In conclusion, we identified IGS2.7 as a small molecule able to inhibit mitophagy. Importantly, its activity was only observed when mitophagy was increased, then IGS2.7 treatment is able to restore to normal levels, which is essential in therapeutics. Although CK1 inhibition may be the route by which mitophagy is modulated, our data point to simultaneous ULK1 modulation as a new target. Finally, its potency as a treatment for ALS was evaluated, and its modulation of autophagy to control levels in different models of familial ALS was demonstrated. This, in addition to its known activity in TDP-43 phosphorylation and MN preservation, makes IGS2.7 a pleiotropic drug able to modulate different pathways altered in ALS.

4. Materials and Methods

4.1. Cell Culture

U2OS-iMLS and U2OS-iMLS-PRKN FlpIn TRex cells [12] were cultured with DMEM with high glucose and glutamine and supplemented with 10% FBS and 1% Pen-Strep at 37 °C and 5% CO2. Cells were selected with 100 µg/mL hygromycin and 5 µg/mL blasticidin (Thermo Fisher Scientific, R21001, Waltham, MA, USA). Additional 2 µg/mL puromycin (Sigma Aldrich, P7255, St. Louis, MO, USA) were used for U2OS-iMLS-PRKN cells. To induce the expression of the mitophagy reporter, 500 µg/mL doxycycline (Clontech, 631311, Mount View, CA, USA) was added for the last 24 h. These cells were obtained from Prof. Anne Simonsen Lab (Faculty of Medicine, Institute of Basic Medical Sciences and Centre for Cancer Cell Reprogramming, Institute of Clinical Medicine, University of Oslo, Norway).

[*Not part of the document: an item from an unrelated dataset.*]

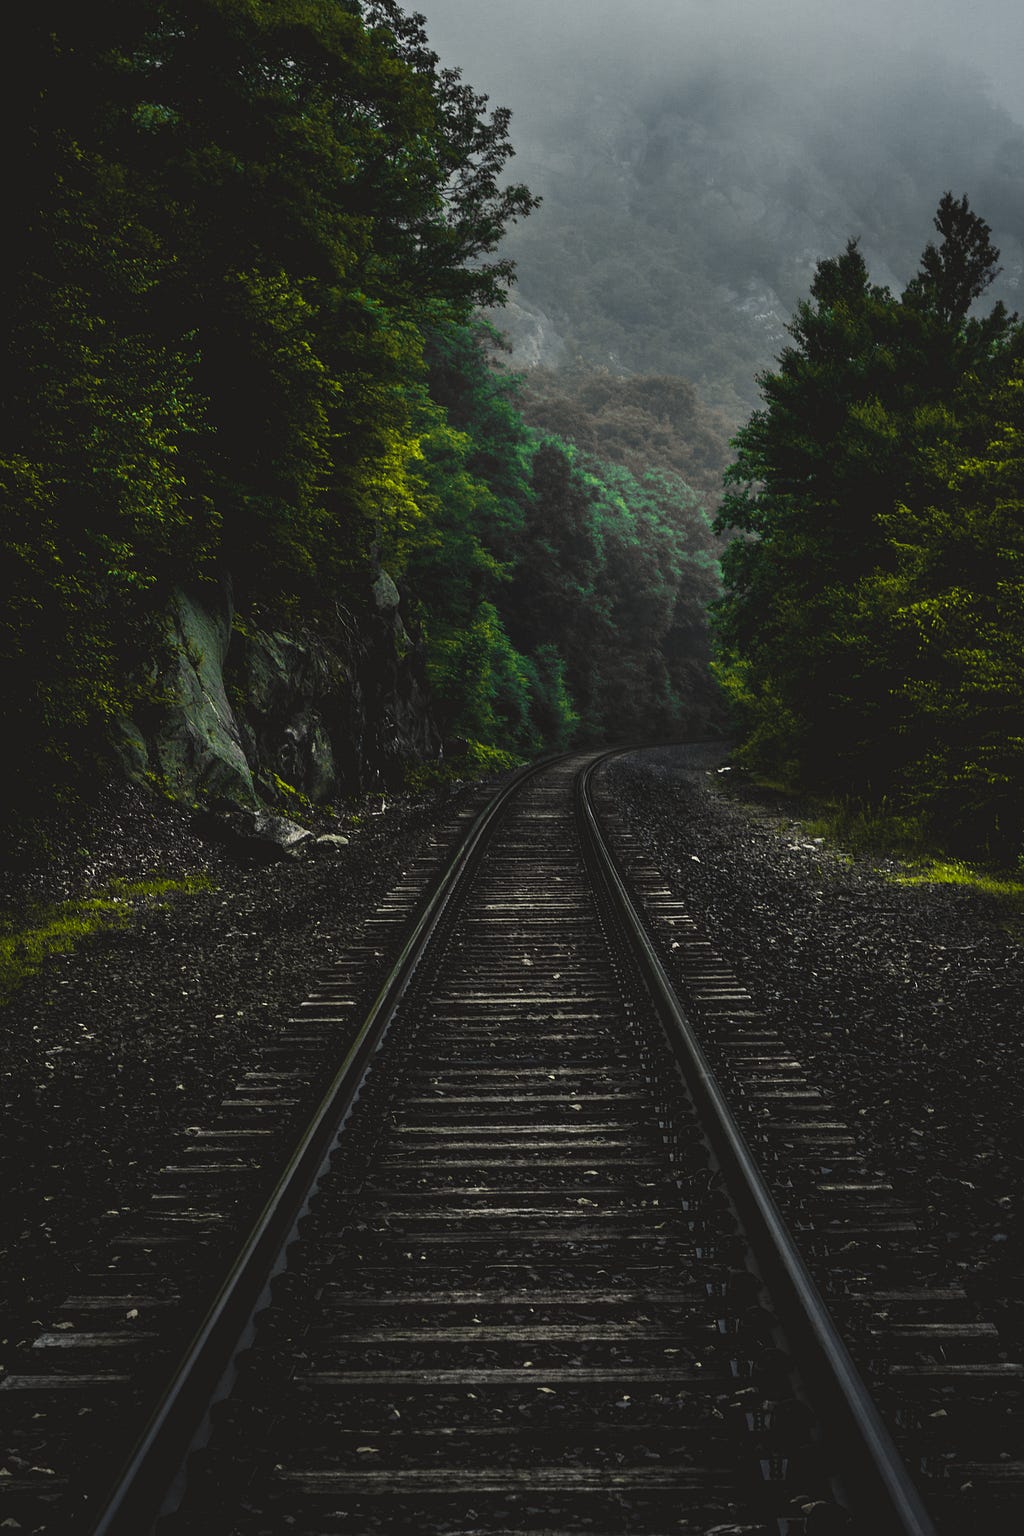 Stunning image of train tracks around dusk surrounded by luscious greenery on either side
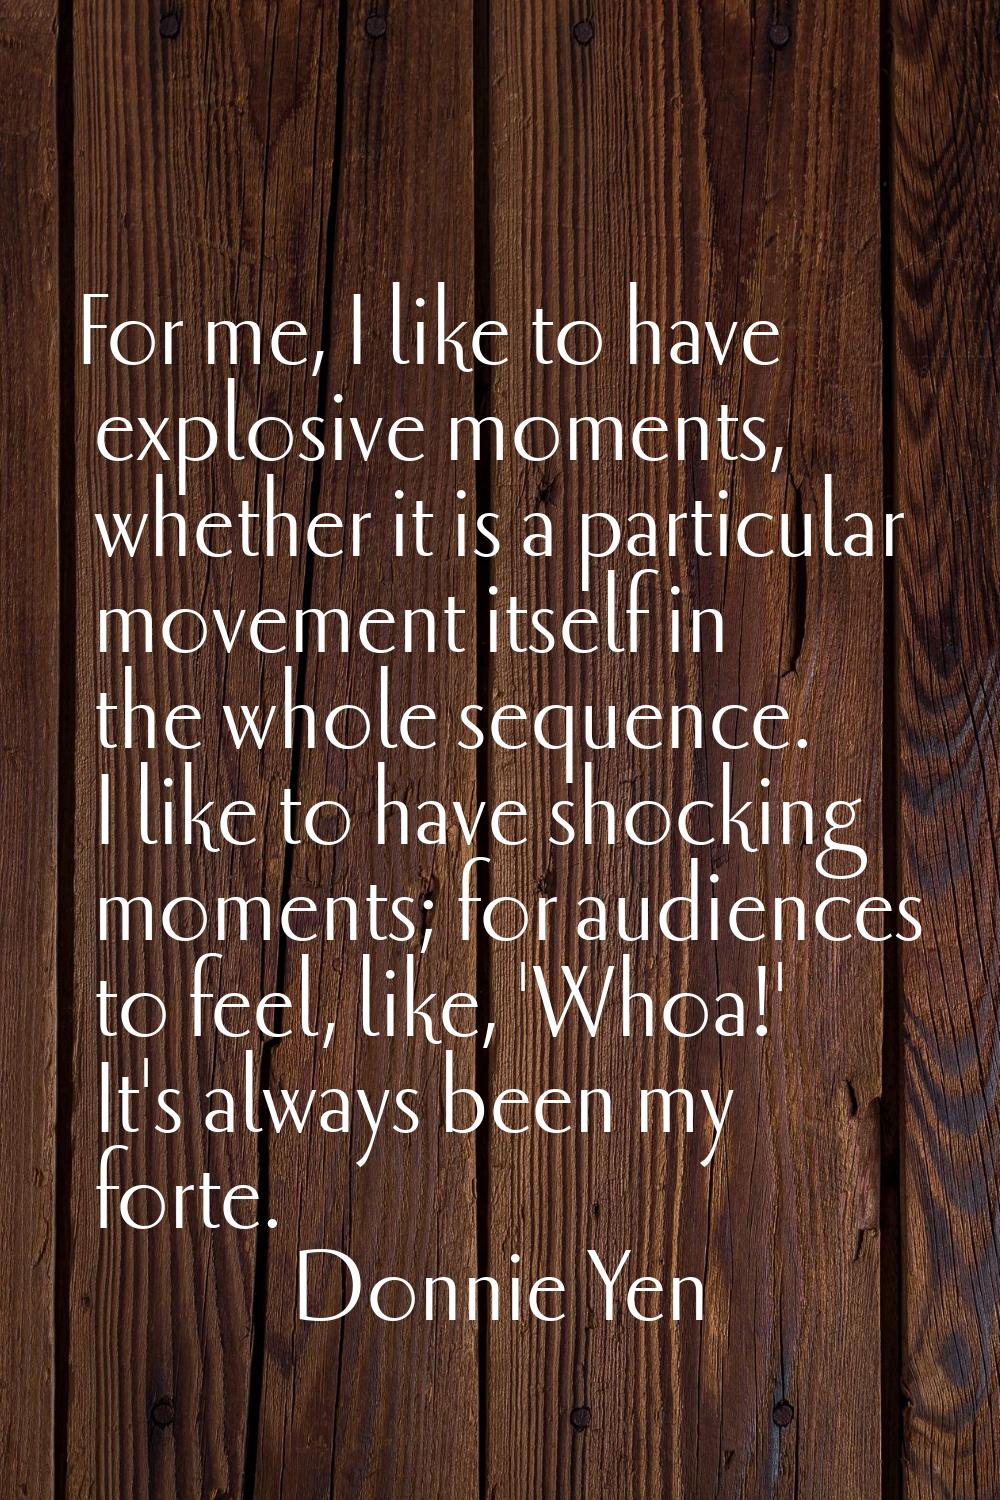 For me, I like to have explosive moments, whether it is a particular movement itself in the whole s

ARPE-19 MitoQC cells were maintained in DMEM:F12 (1:1) supplemented with 15% de FBS, 1% glutamine 2 mM, and 1% de pen-strep (0.5 mg/ml) at 37 °C and 5% CO2. Cells were selected with 800 μg/mL hygromycin. This cell line was obtained from Dr. Ian Ganley Lab (School of Life Sciences, University of Dundee, Scotland) [13].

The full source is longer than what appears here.